2 de septiembre de 2008

Sobre telepatía, collages, vampirismo y cirugía estética


Como ya te he contado alguna vez, los jueves por la tarde voy a ver a mi tía Pepa a la residencia. A la pobre se le ha ido la chaveta y la mayoría de las veces no sabe ni quién soy, de modo que la experiencia me es harto desagradable. Sobre todo por lo que se refiere a su deterioro físico: semana a semana notas cómo la pobre se va quedando reducida a un montoncito de huesos. No voy visitarla porque sienta compasión por ella, ni por el cariño que una vez pude haberle profesado… De hecho, es bastante probable que mis visitas tengan más que ver con el médico que la atiende, del que estoy secretamente enamorada. Me tiembla todo el cuerpo cuando me lo cruzo por los pasillos, me ruborizo si me llega a saludar y mejor ni tratar de imaginar la sonrisa estúpida que debo de tener puesta cada vez que se detiene unos minutos para hablarme de sondas, analíticas, crisis respiratorias... y todo ese tipo de temas tan apasionantes a los que se limitan nuestras conversaciones. Rezo para que algún día se digne a adivinar mis sentimientos hacia él, pues lo que soy yo, soy demasiado cobarde como para transmitírselos de una forma que vaya más allá de la telepatía, para la que este hombre no parece capacitado.

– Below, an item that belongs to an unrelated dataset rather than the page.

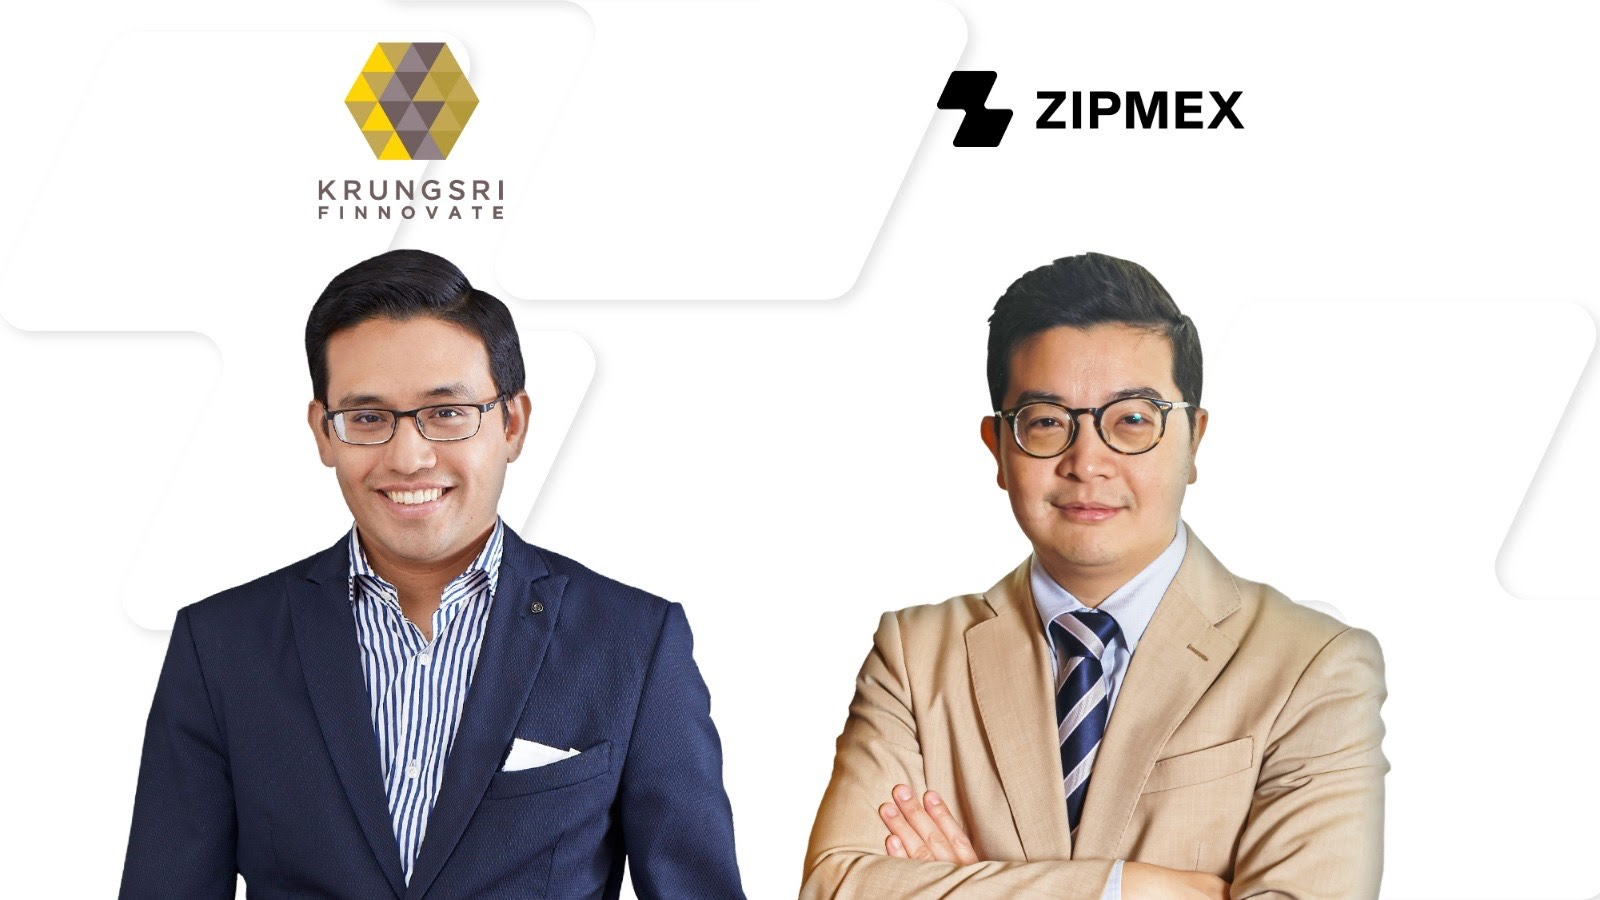 Zipmex ประกาศการระดมทุน Series B จากกรุงศรี ฟินโนเวต

De modo que hace dos jueves, ahí estaba yo a las cinco, como de costumbre. Sólo que a mi tía la habían trasladado de habitación y me encontré a otra señora en su lugar. Se trataba de un "ente" de edad indefinida (pensé que podía tener entre 50 y 70 años), uno de esos pequeños monstruos creados a golpe de bisturí en alguna clínica de cirugía estética. Estaba sentada sobre la cama de mi tía, hojeando una revista del corazón. Era una mujer algo rellenita, embutida en una bata floreada, que llevaba una peluca pelirroja que le sentaba como un tiro. Iba maquillada a más no poder, tenía los labios hinchados, enormes pómulos, una nariz reducida a su mínima expresión, colgada de un rostro mejor planchado que cualquiera de mis blusas, el cuello como un acordeón, las manos marchitas y un escote que dejaba entrever los pechos de una treintañera. Me hizo pensar en uno de esos "collage" que hacíamos en el colegio, ¿te acuerdas? O en un cuadro cubista de Picasso. Te juro que si aquella señora hubiese llevado puestas unas gafas de sol, le hubiese pedido un autógrafo allí mismo, pues no hubiese dudado ni por un segundo de que se trataba de alguna famosa. De esas que te cuentan sus penas y glorias en la tele, a las que escuchas embobada durante escasos cinco minutos para luego cambiar de canal asqueada y preguntarte: "¿Y quién coño era esa?"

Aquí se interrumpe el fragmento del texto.